Lightwave Technology

Chapter 9 - WDM Systems

Chapter 9


WDM Systems

Chapter 8 focused on single-channel systems operating at 40 Gb/s or more through electrical and optical TDM. As discussed in Chapter 1, channels can also be multiplexed in the spectral domain through frequency-division multiplexing (FDM). Indeed, this technique is routinely used for radio waves and microwaves. Its extension to optical domain permits, in principle, the capacity of lightwave systems to exceed 10 Tb/s because of a large frequency associated with the optical carrier. Since the implementation of FDM in the optical domain requires multiple transmitters operating at different wavelengths, optical FDM is known as wavelength-division multiplexing (WDM). The WDM technique was first used in the 1980s when the capacity of existing fiber links operating at 1.3µmwas doubled by adding another channel operating near 1.55 µm. However, it was only after 1995 that WDM was used to transmit over the same fiber hundreds of optical channels in the 1.55-µm spectral region and to realize system capacities beyond 1 Tb/s. The design of such systems requires attention to many details related to the generation and propagation of multiple bit streams overlapping in the time domain. More specifically, interchannel nonlinear effects must be controlled to ensure that they do not limit system performance.
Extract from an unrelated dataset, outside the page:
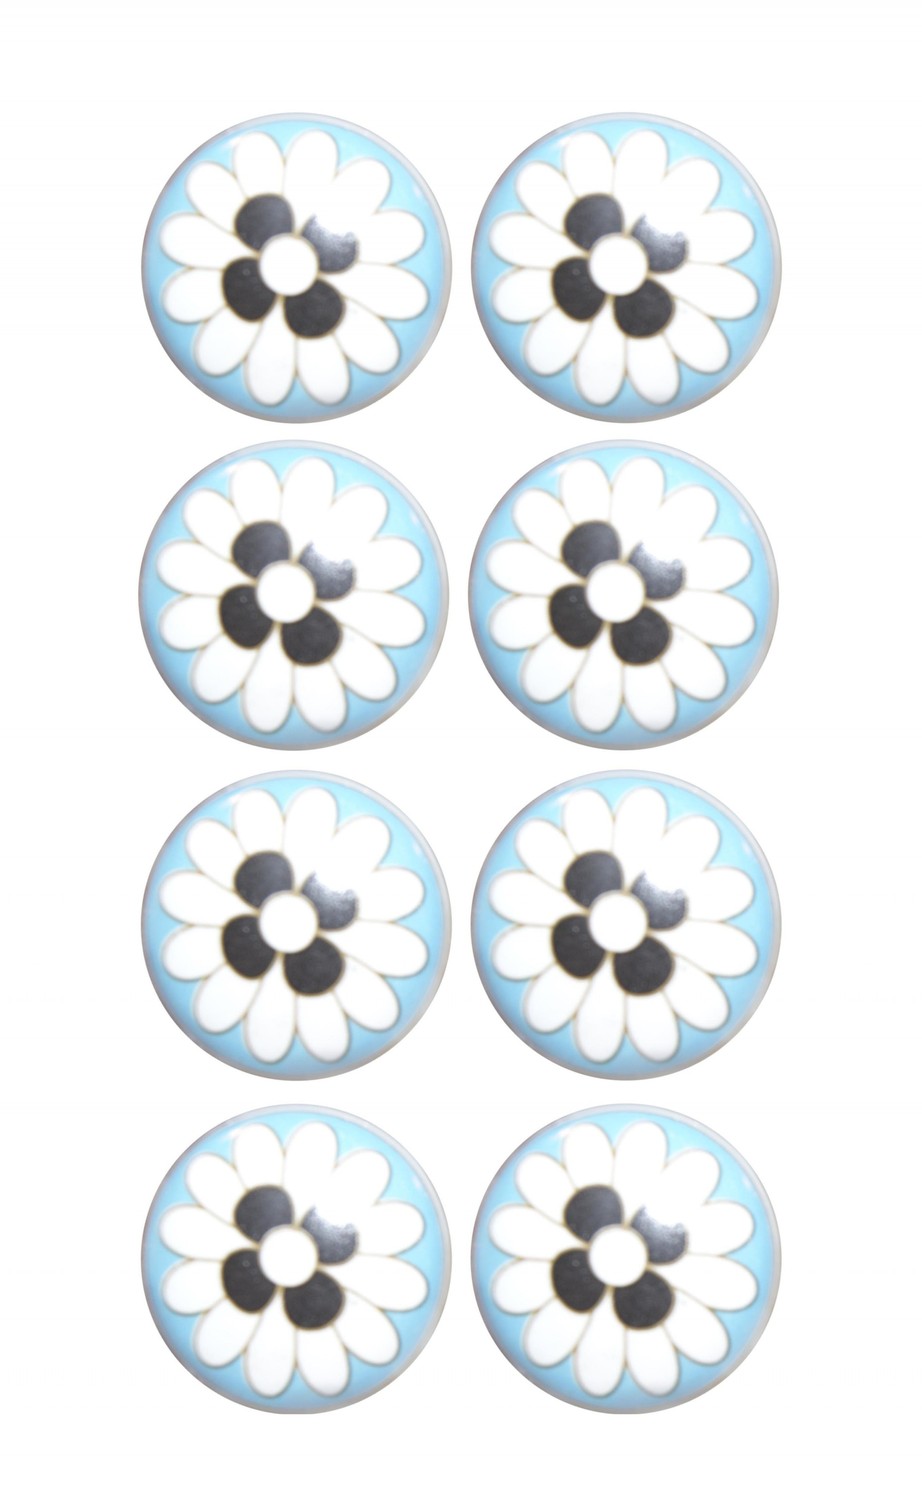 1.5" x 1.5" x 1.5" Light Blue, White And Black - Knobs 8-Pack
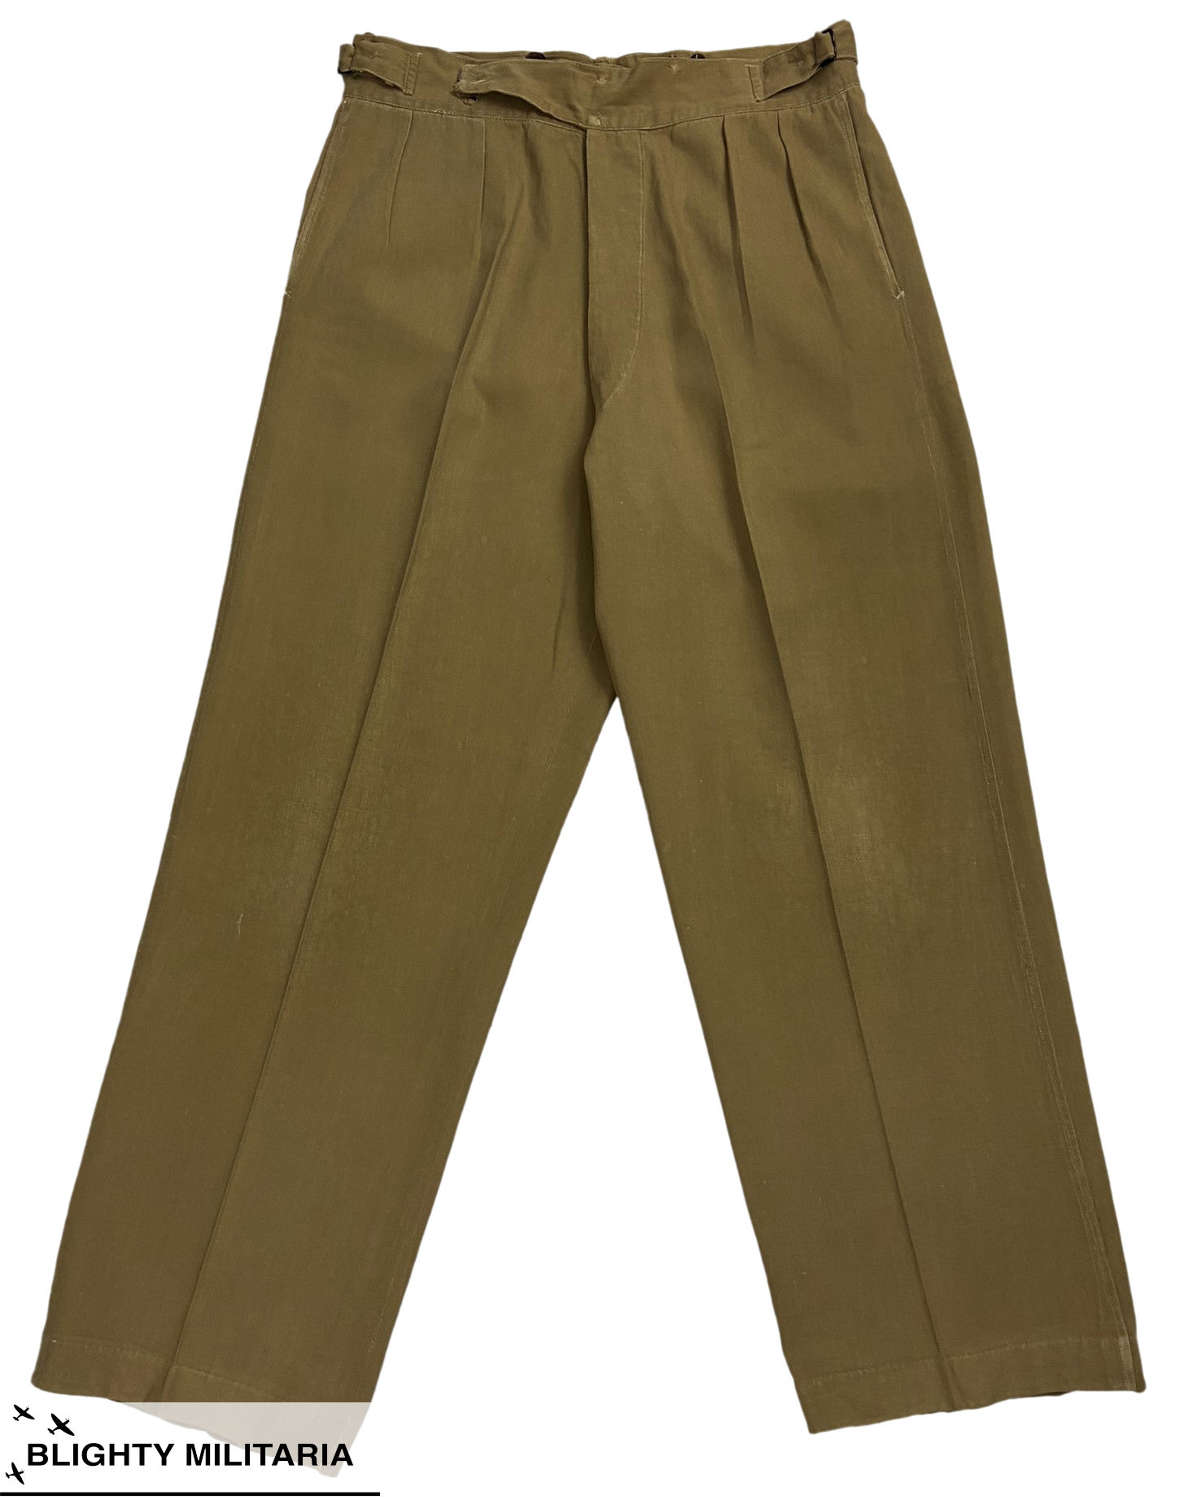 Original WW2 British Army Officer's Khaki Drill Trousers - Size 33x30

In this chapter the basic WDM scheme and related concepts are discussed first in Section 9.1. Section 9.2 is devoted to the linear mechanisms that can produce interchannel crosstalk. Sections 9.3 and 9.4 focus on several nonlinear mechanisms that cause crosstalk through interactions of bit streams in neighboring channels. Section 9.5 is devoted to various techniques that can be employed to reduce nonlinear crosstalk. The major design issues such as spectral efficiency are addressed in Section 9.6.